Everyone who approached the grave took off their hats almost simultaneously. They stood around in silence and looked at the burning candle, struck by a feeling that prevented them from speaking right away.

It was at that moment, unnoticed by them before, that a tall old woman in a black widow’s scarf appeared in the park. Silently, with quiet steps, she walked past the Red Army soldiers, silently knelt down at the mound, took out from under her scarf a wax candle, exactly the same as the one whose stub was burning on the grave, and, picking up the stub, lit a new candle from it and stuck it in into the ground in the same place. Then she began to rise from her knees. She did not succeed immediately, and the Red Army soldier who stood closest to her helped her get up.

Even now she didn't say anything. Only, looking at the Red Army soldiers standing with their heads naked, she bowed to them and, sternly pulling back the ends of the black scarf, without looking at the candle or at them, she turned and went back.
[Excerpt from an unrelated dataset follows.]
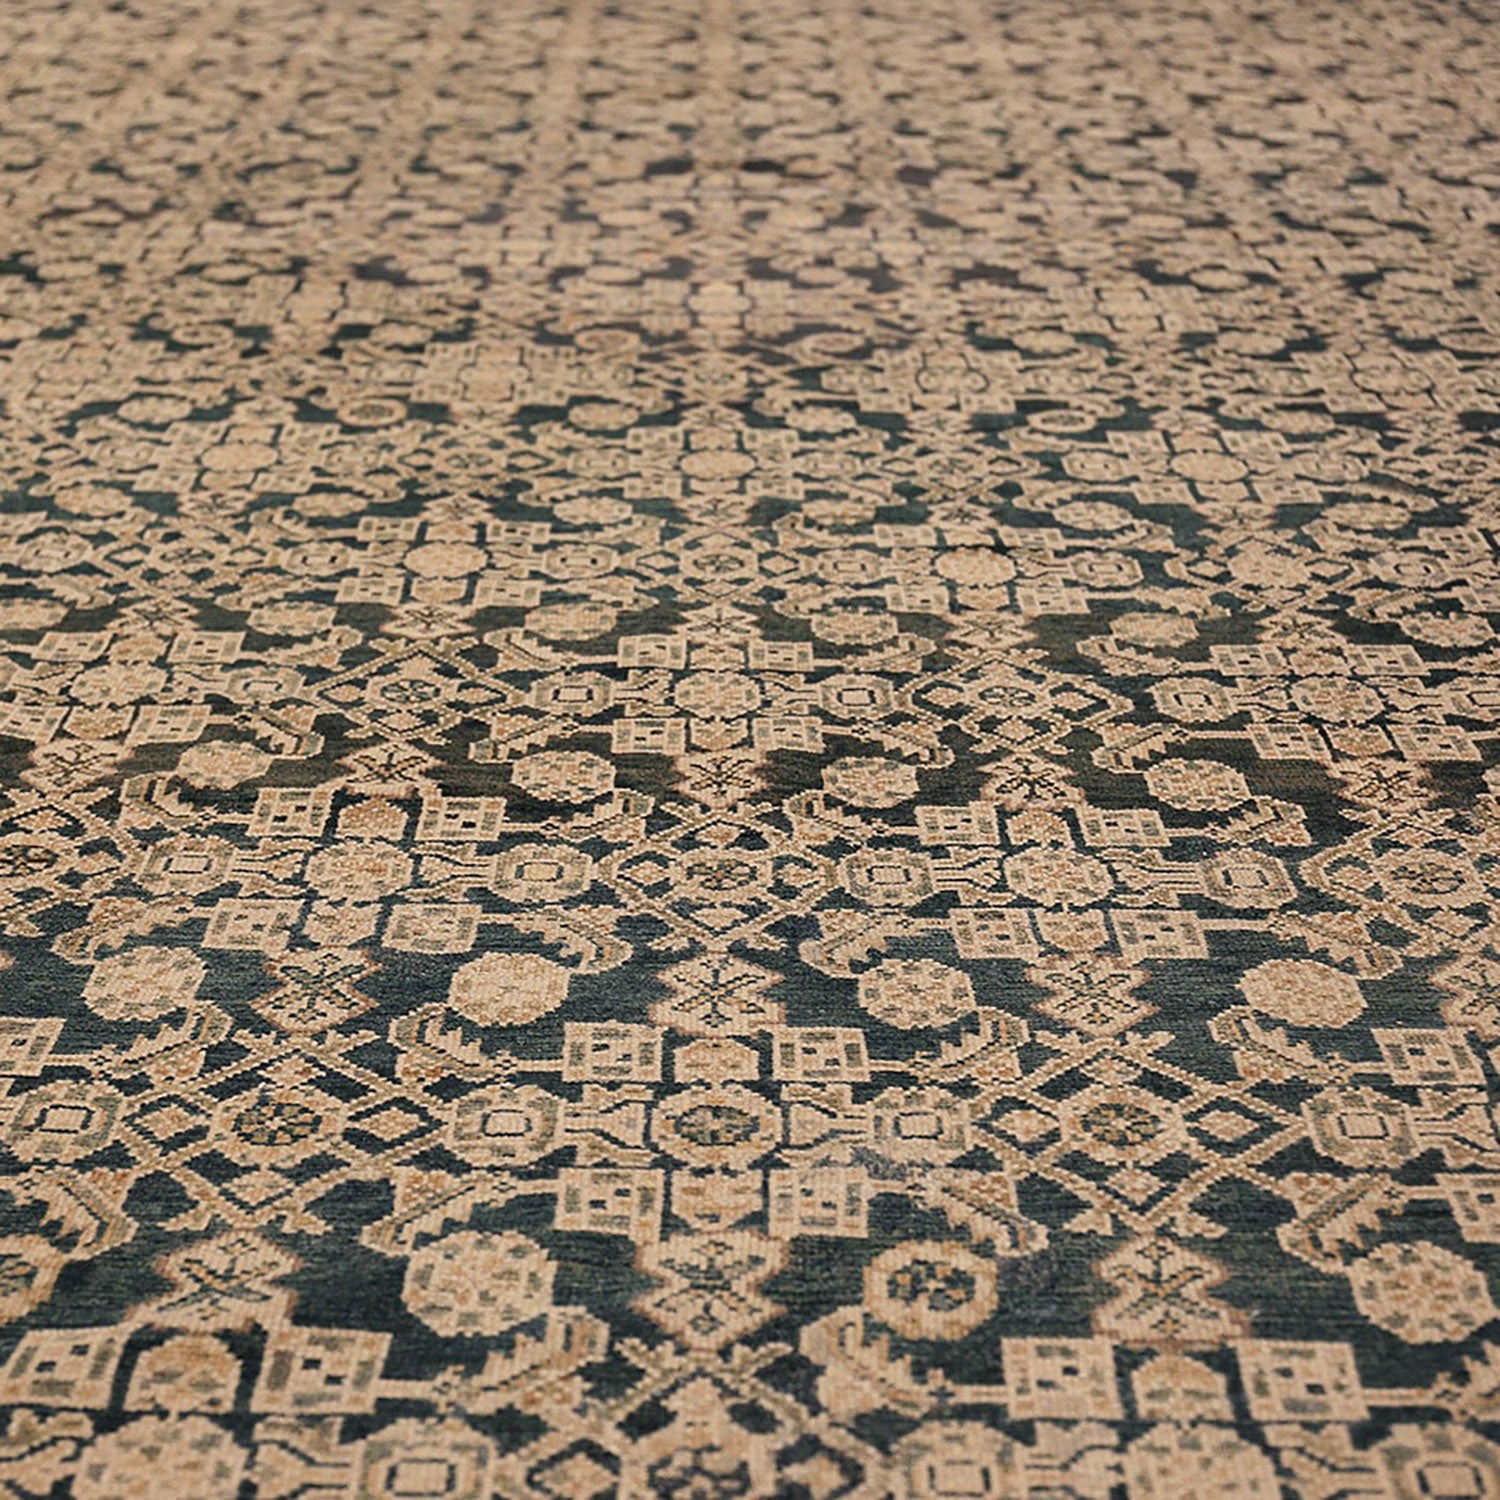 Close-up of a meticulously crafted, patterned carpet exuding elegance and luxury.

The Red Army soldiers followed her with their gazes and, talking quietly, as if afraid to break the silence, went in the other direction, to the bridge over the Sava River, beyond which the battle was going on, to catch up with their company.

And on the grave hill, among the ground black from gunpowder, mutilated iron and dead wood, the last widow's property burned - a wedding candle placed by a Yugoslav mother on the grave of her Russian son.

And her fire did not go out and seemed eternal, just as mother’s tears and filial courage are eternal.